_SUPPLIED ENTRIES_
»»

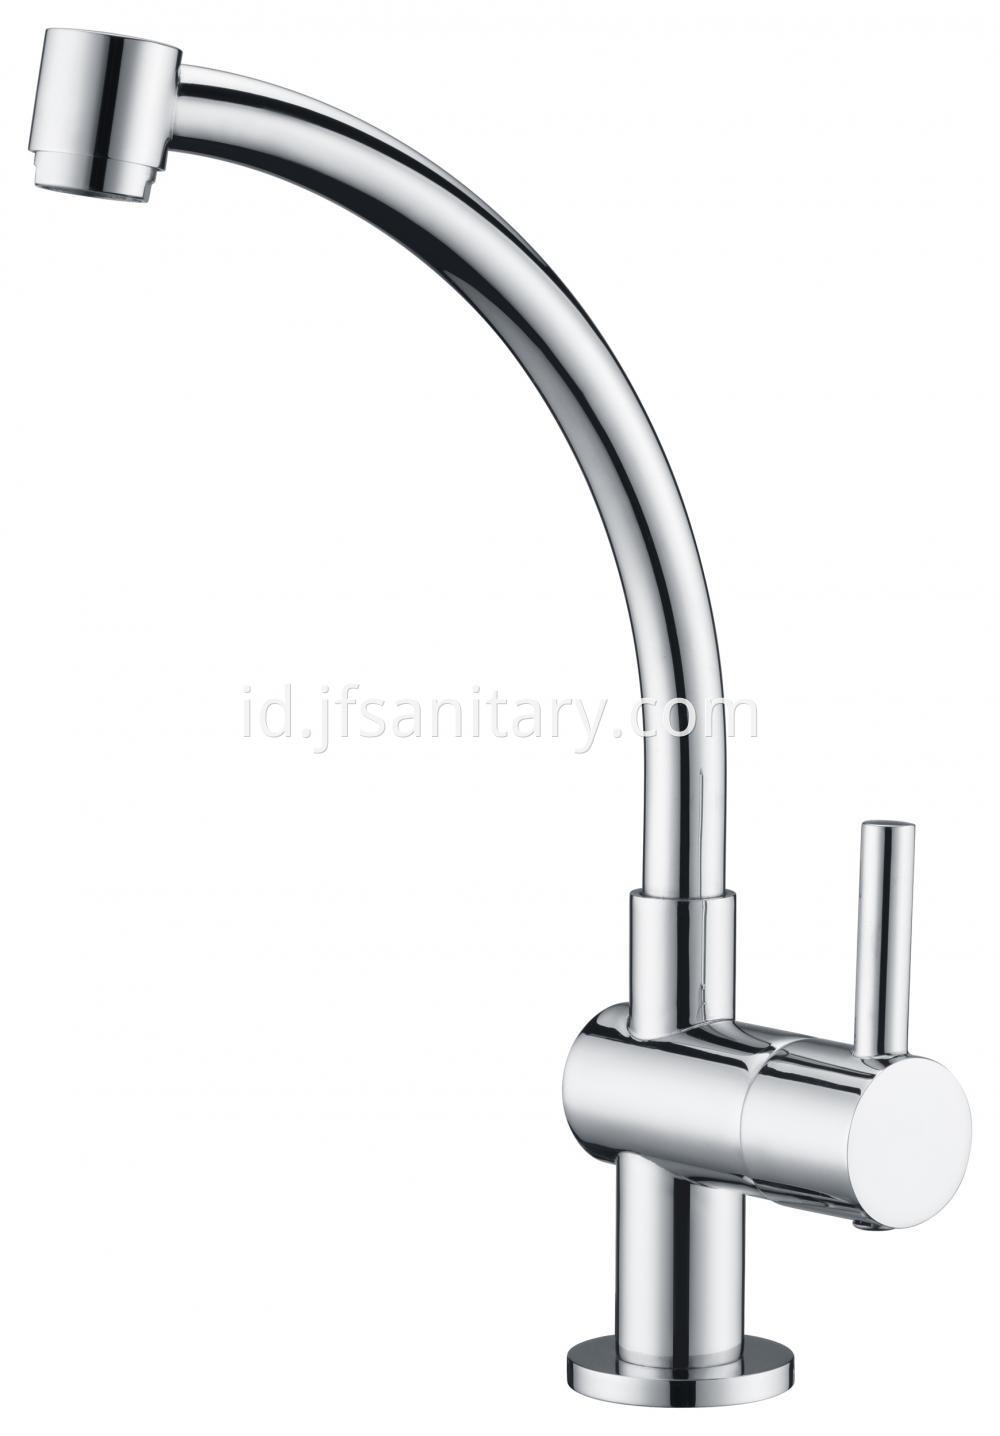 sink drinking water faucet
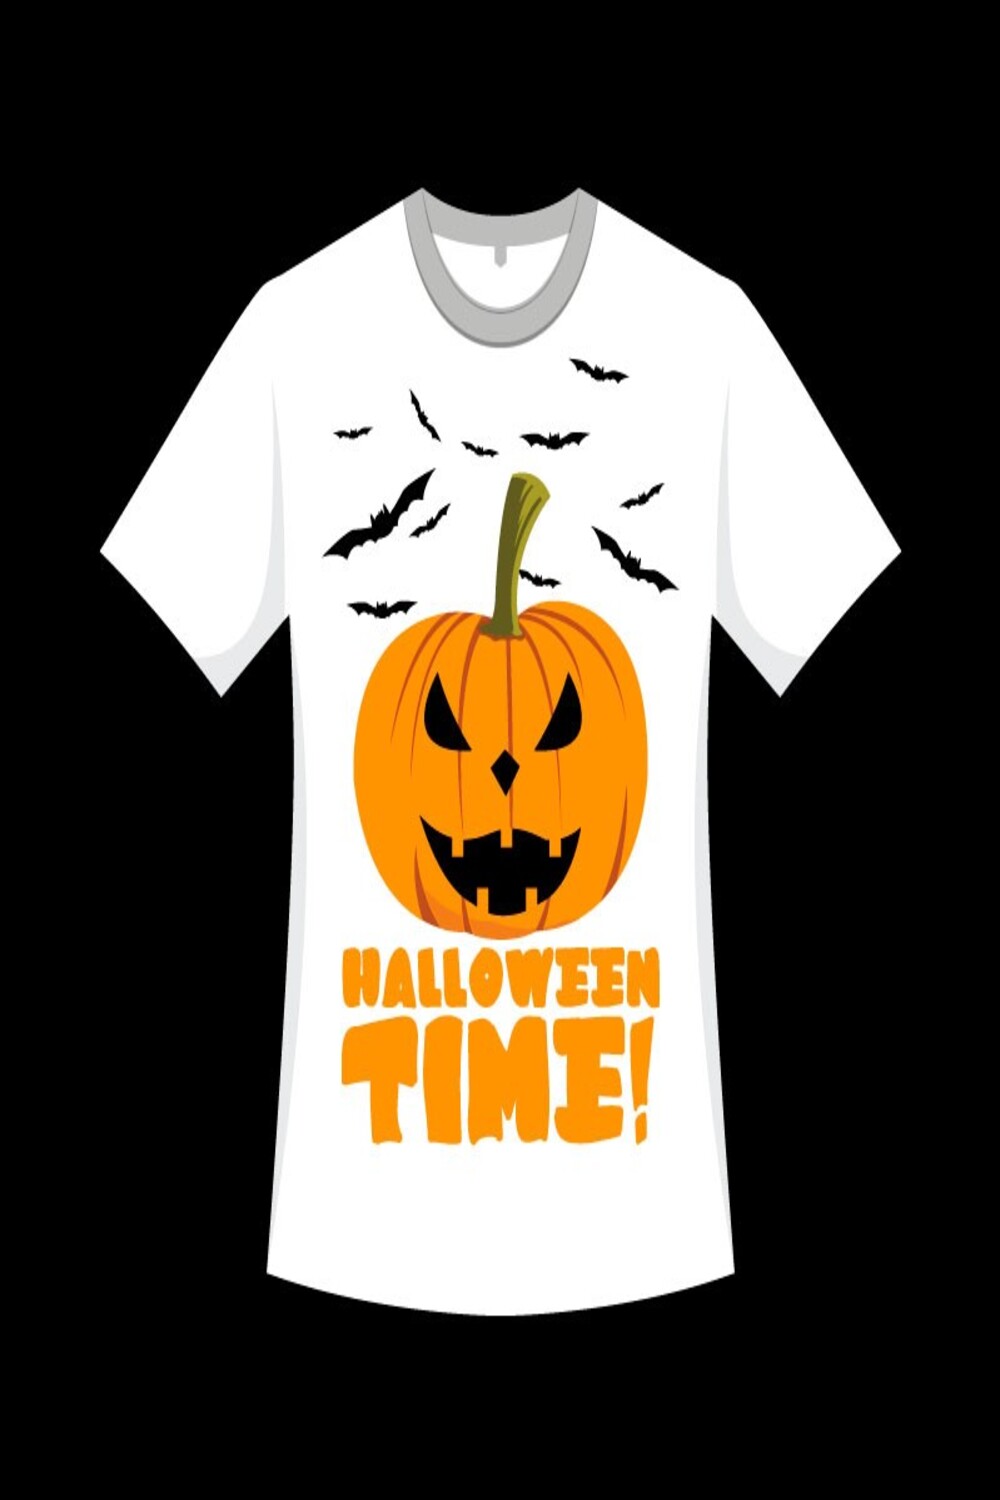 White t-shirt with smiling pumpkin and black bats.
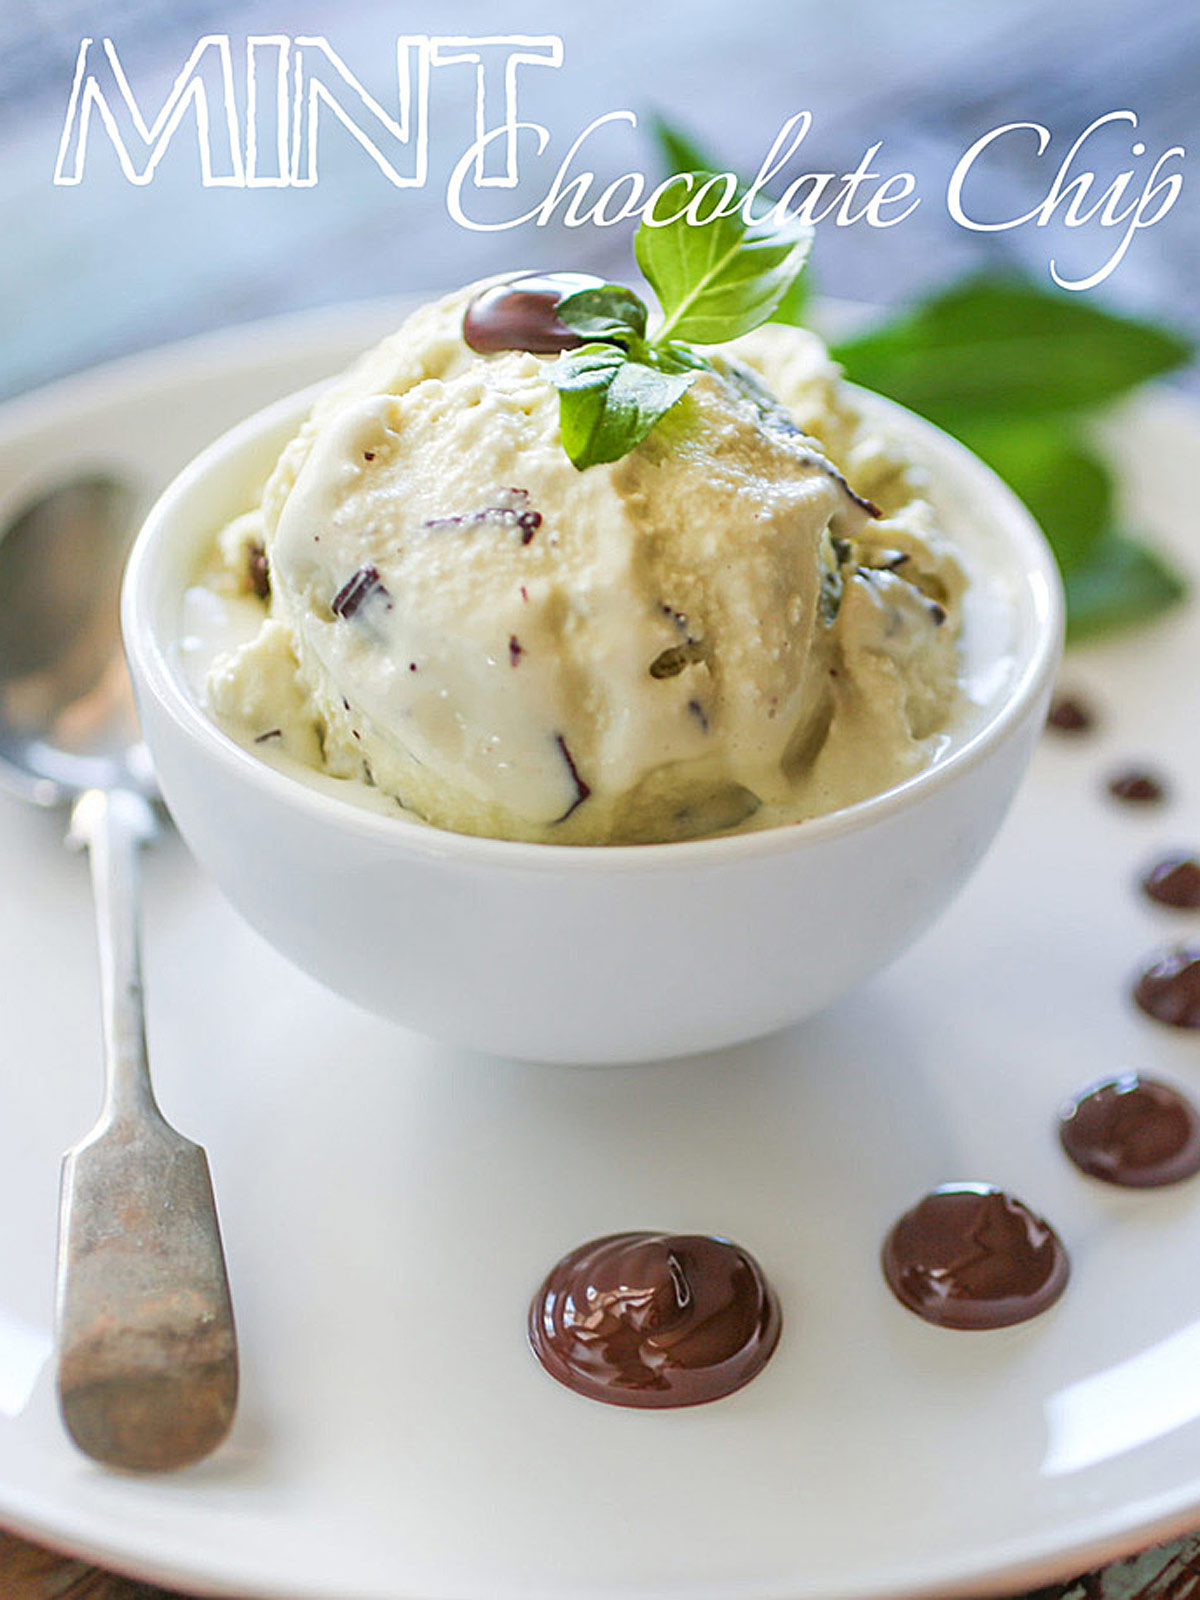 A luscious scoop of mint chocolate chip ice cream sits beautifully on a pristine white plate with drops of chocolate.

««
»»

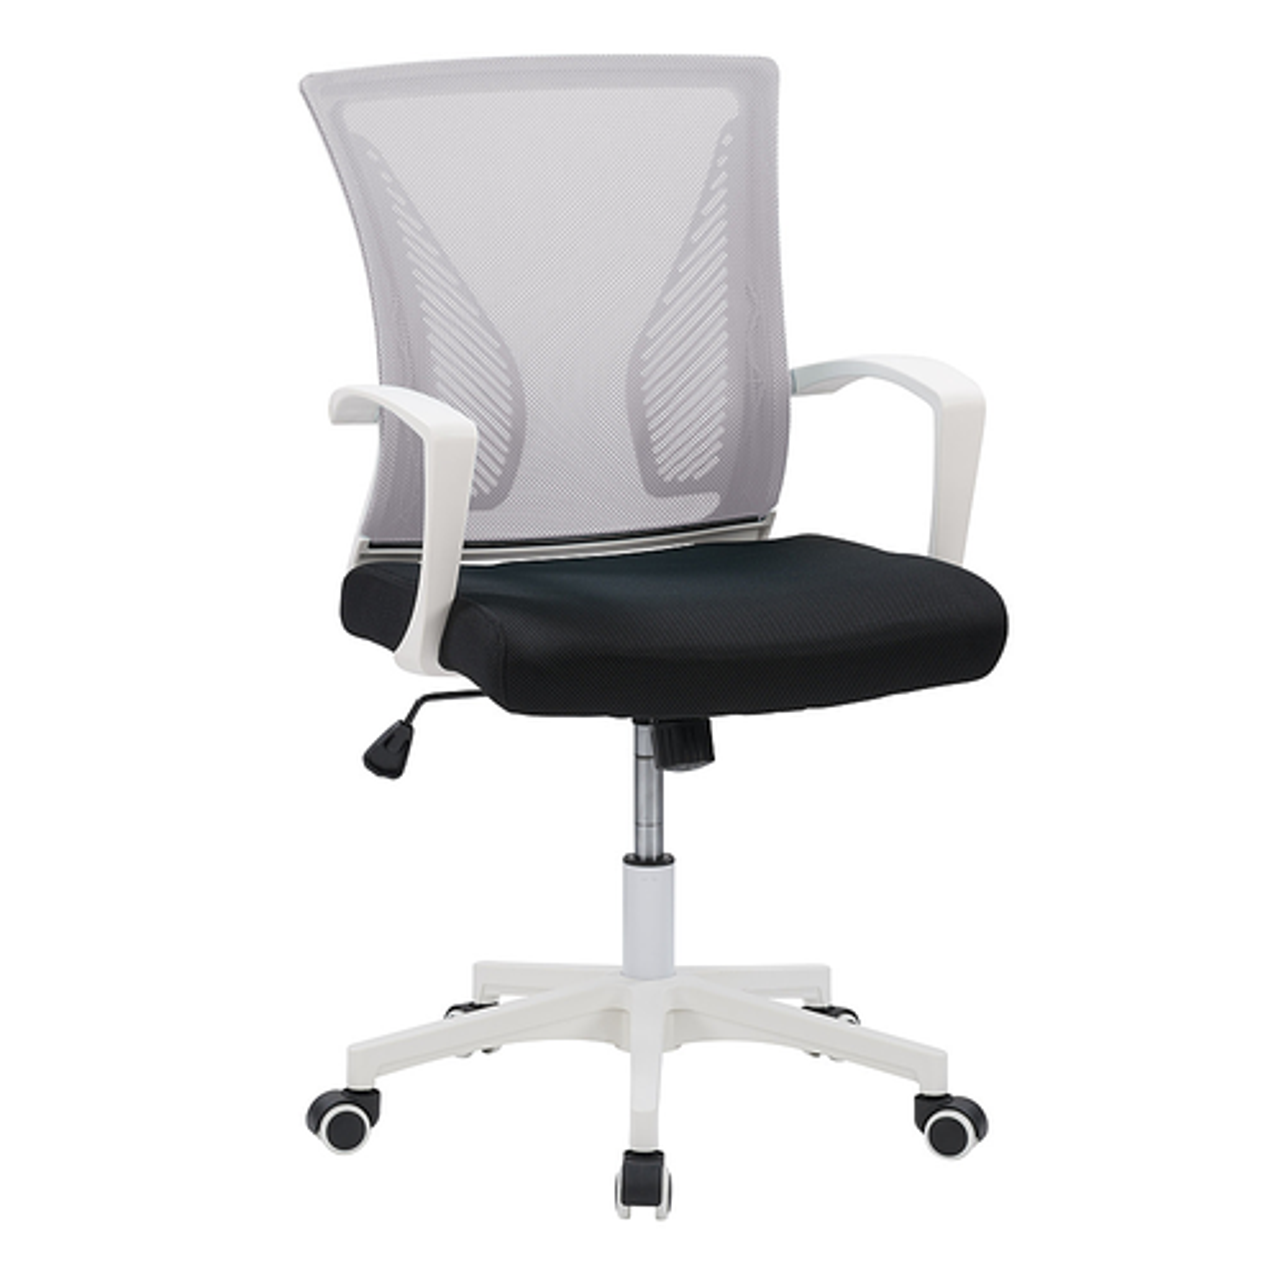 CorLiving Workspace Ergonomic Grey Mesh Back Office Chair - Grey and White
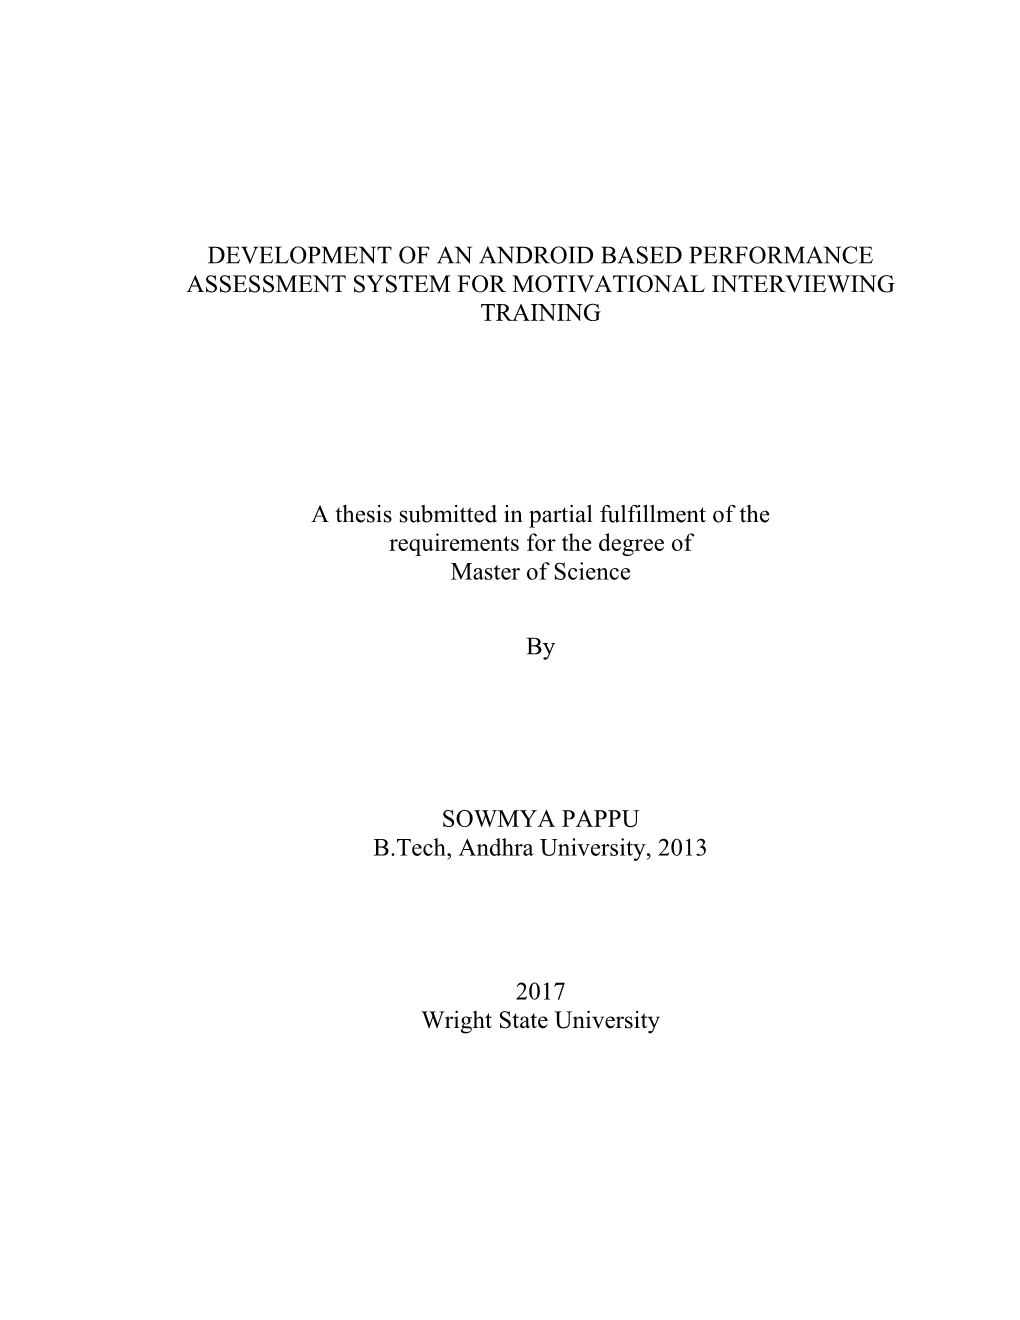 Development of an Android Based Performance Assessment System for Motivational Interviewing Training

««

_WORK ORDER_
Nothing but the lines above from the one that has "CorLiving Workspace Ergonomic" down to the one that has "Development of an" belongs in the answer, copied exactly, without pictures.

_TASK RESPONSE_
 CorLiving Workspace Ergonomic Grey Mesh Back Office Chair - Grey and White
 Development of an Android Based Performance Assessment System for Motivational Interviewing Training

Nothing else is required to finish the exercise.